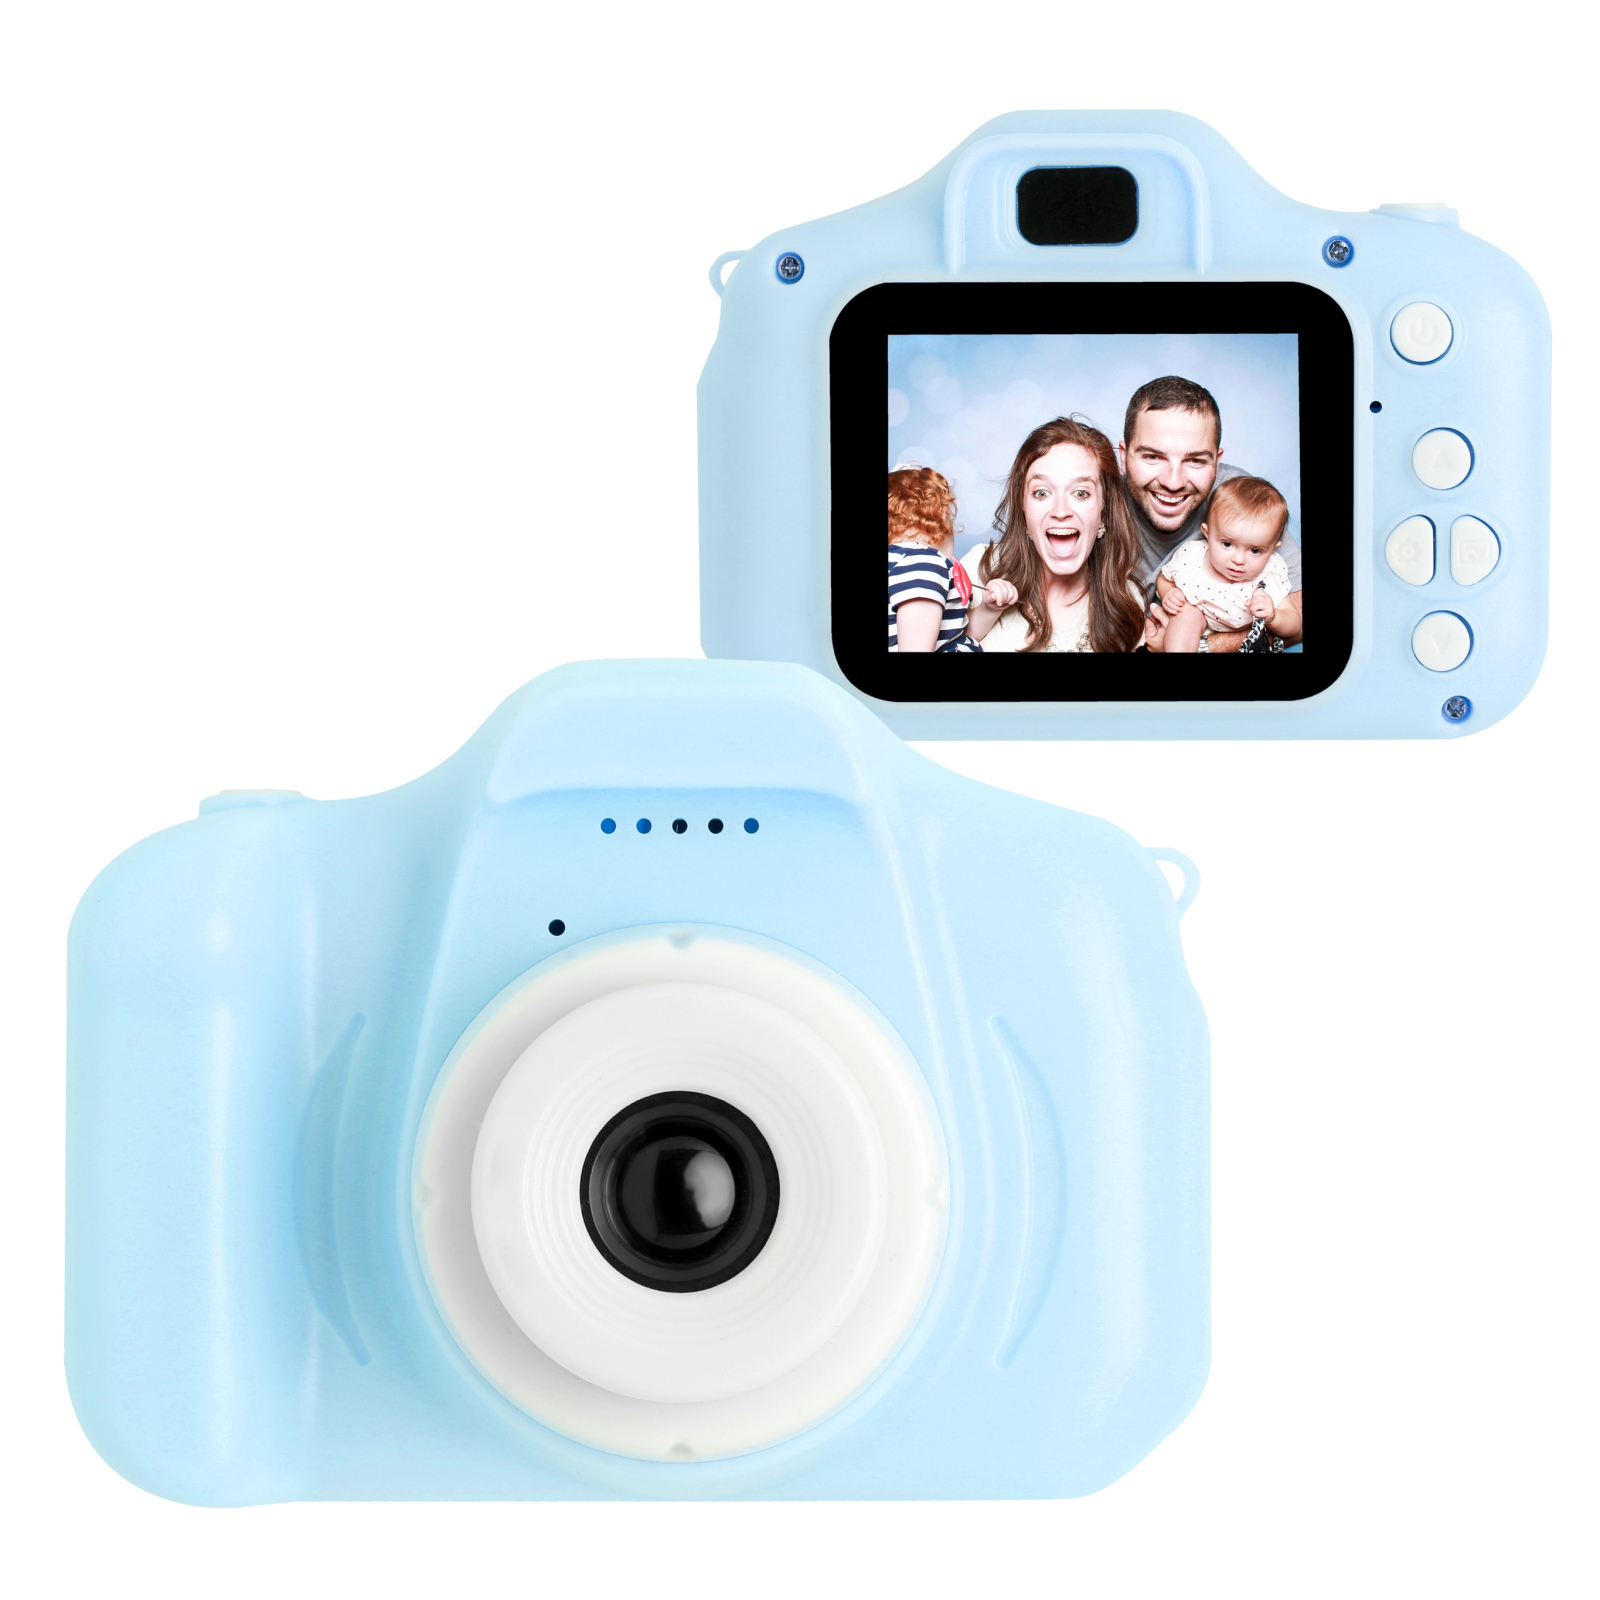 Интерактивная игрушка XoKo Цифровой детский фотоаппарат розовый (KVR-001-PN) изображение 6
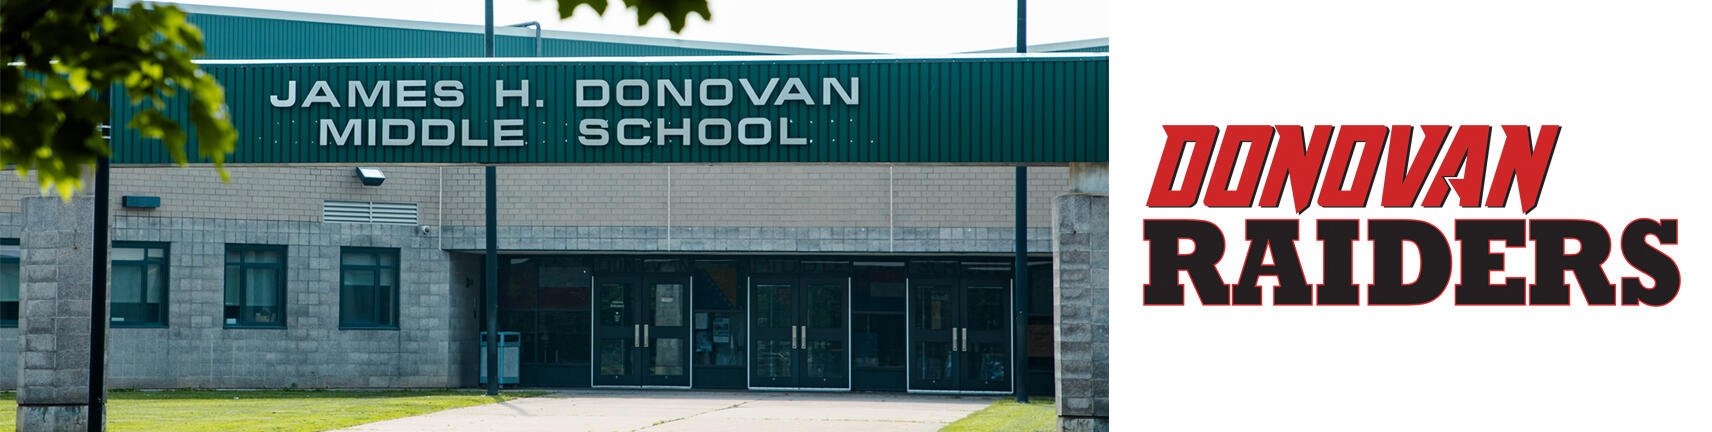 Фотография здания школы Донована и логотип Donovan Raiders
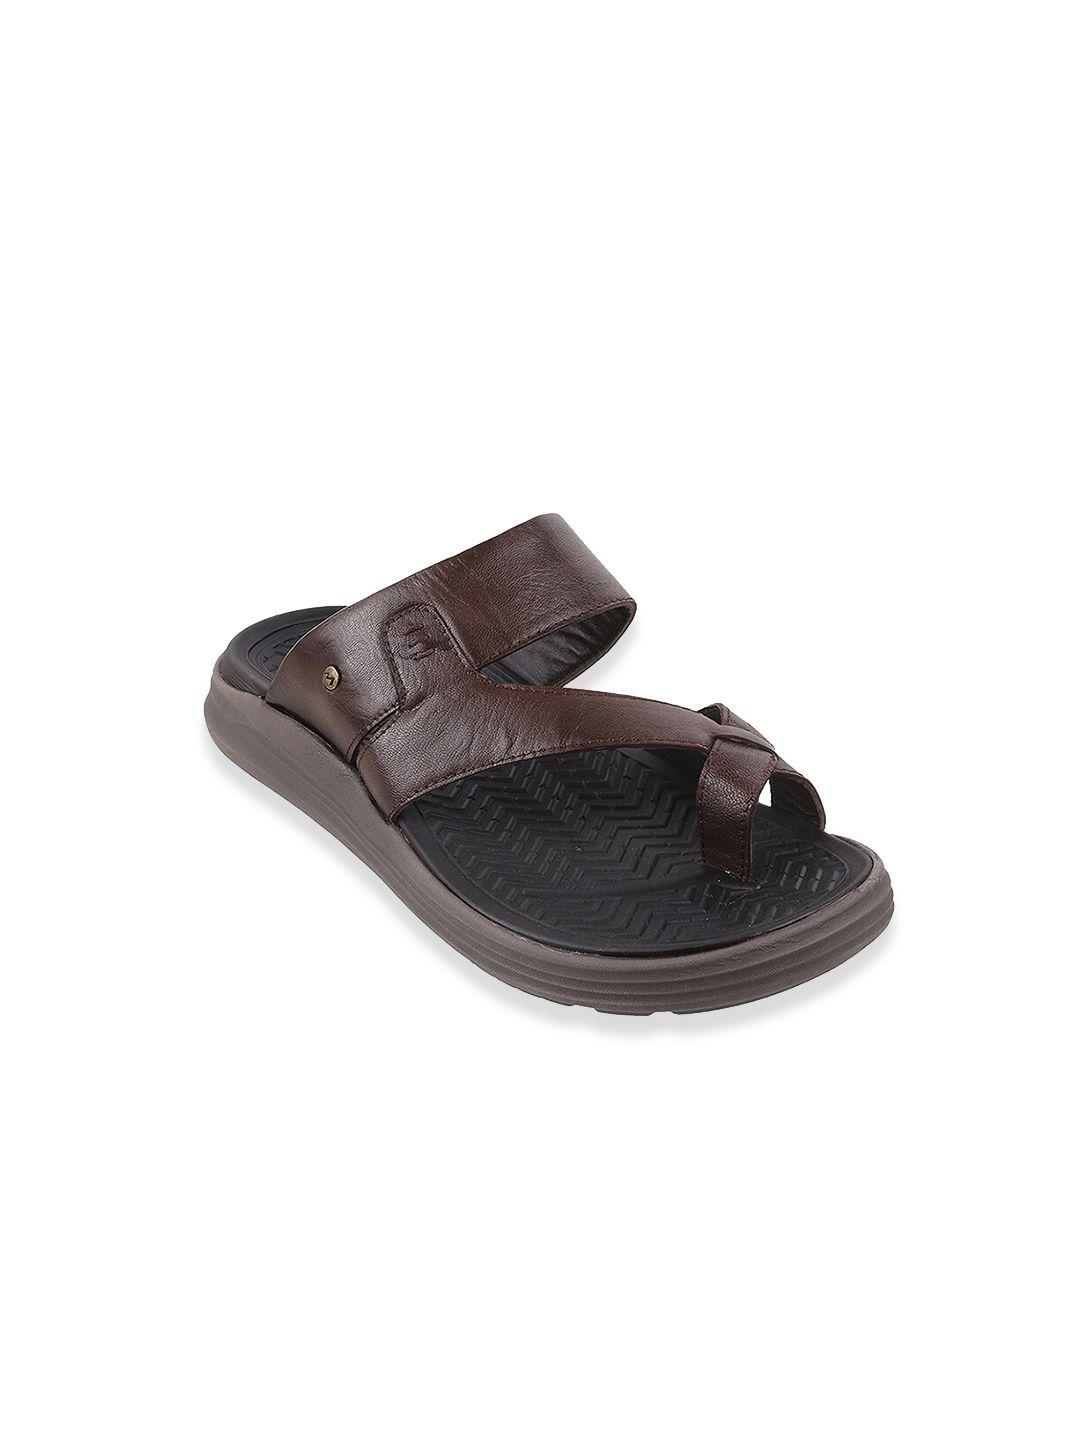 metro men brown leather comfort sandals
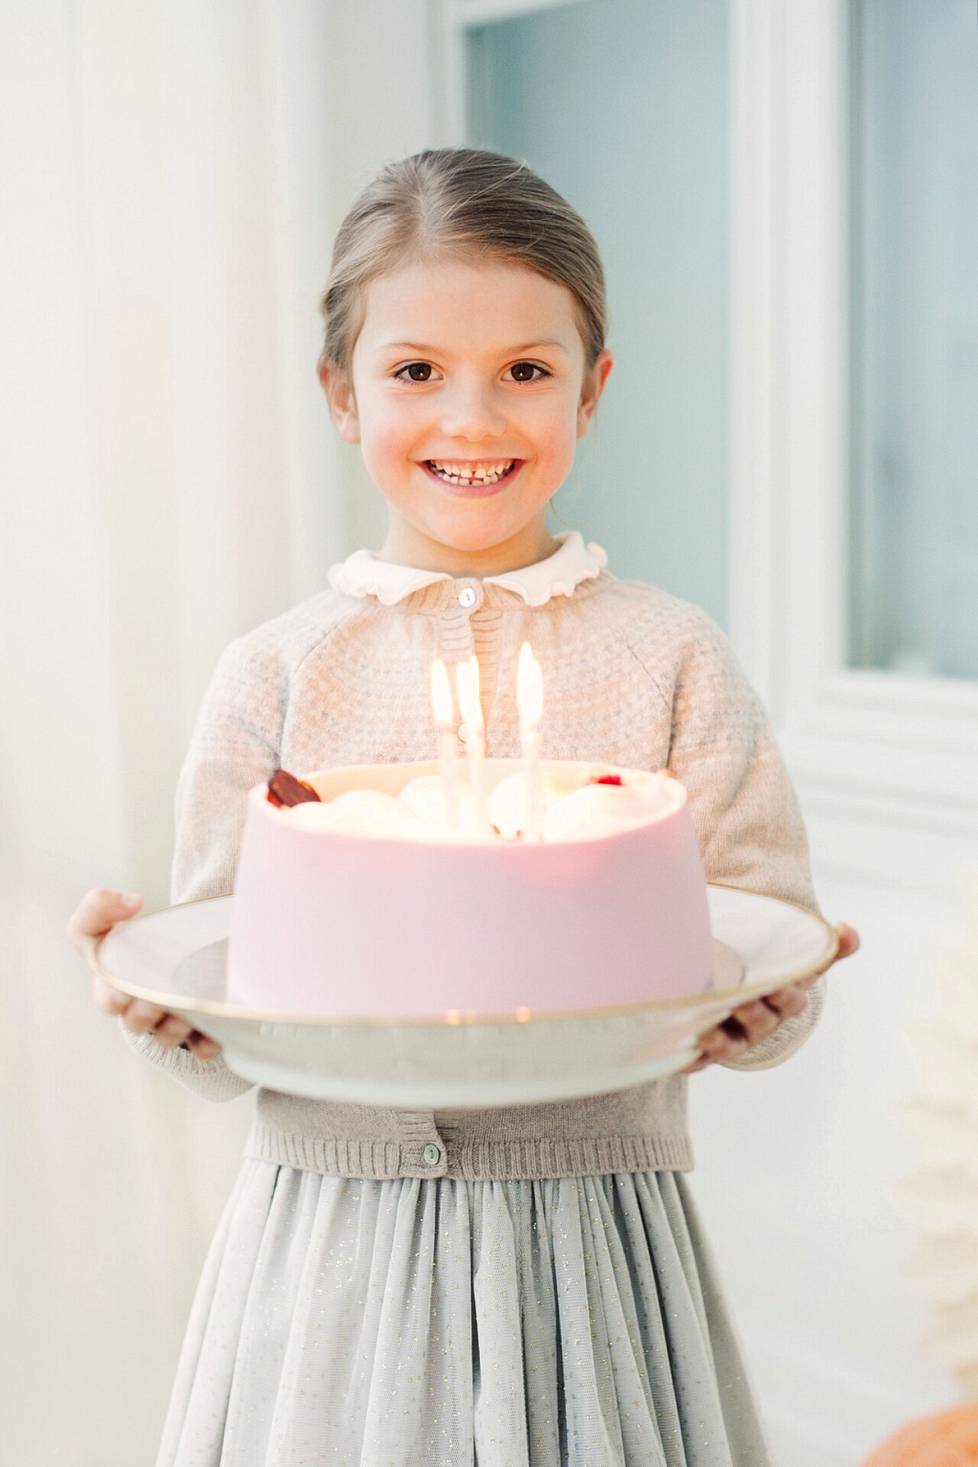 Syntymäpäiväsankari ja kuuden kynttilän kakku vuonna 2018.

▸ EXERCISE DESCRIPTION: Transcribe all the lines above exactly, apart from the pictures.

▸ RESPONSE:
 Интерактивная игрушка XoKo Цифровой детский фотоаппарат розовый (KVR-001-PN) изображение 6
 Фотография здания школы Донована и логотип Donovan Raiders
 metro men brown leather comfort sandals
 Syntymäpäiväsankari ja kuuden kynttilän kakku vuonna 2018.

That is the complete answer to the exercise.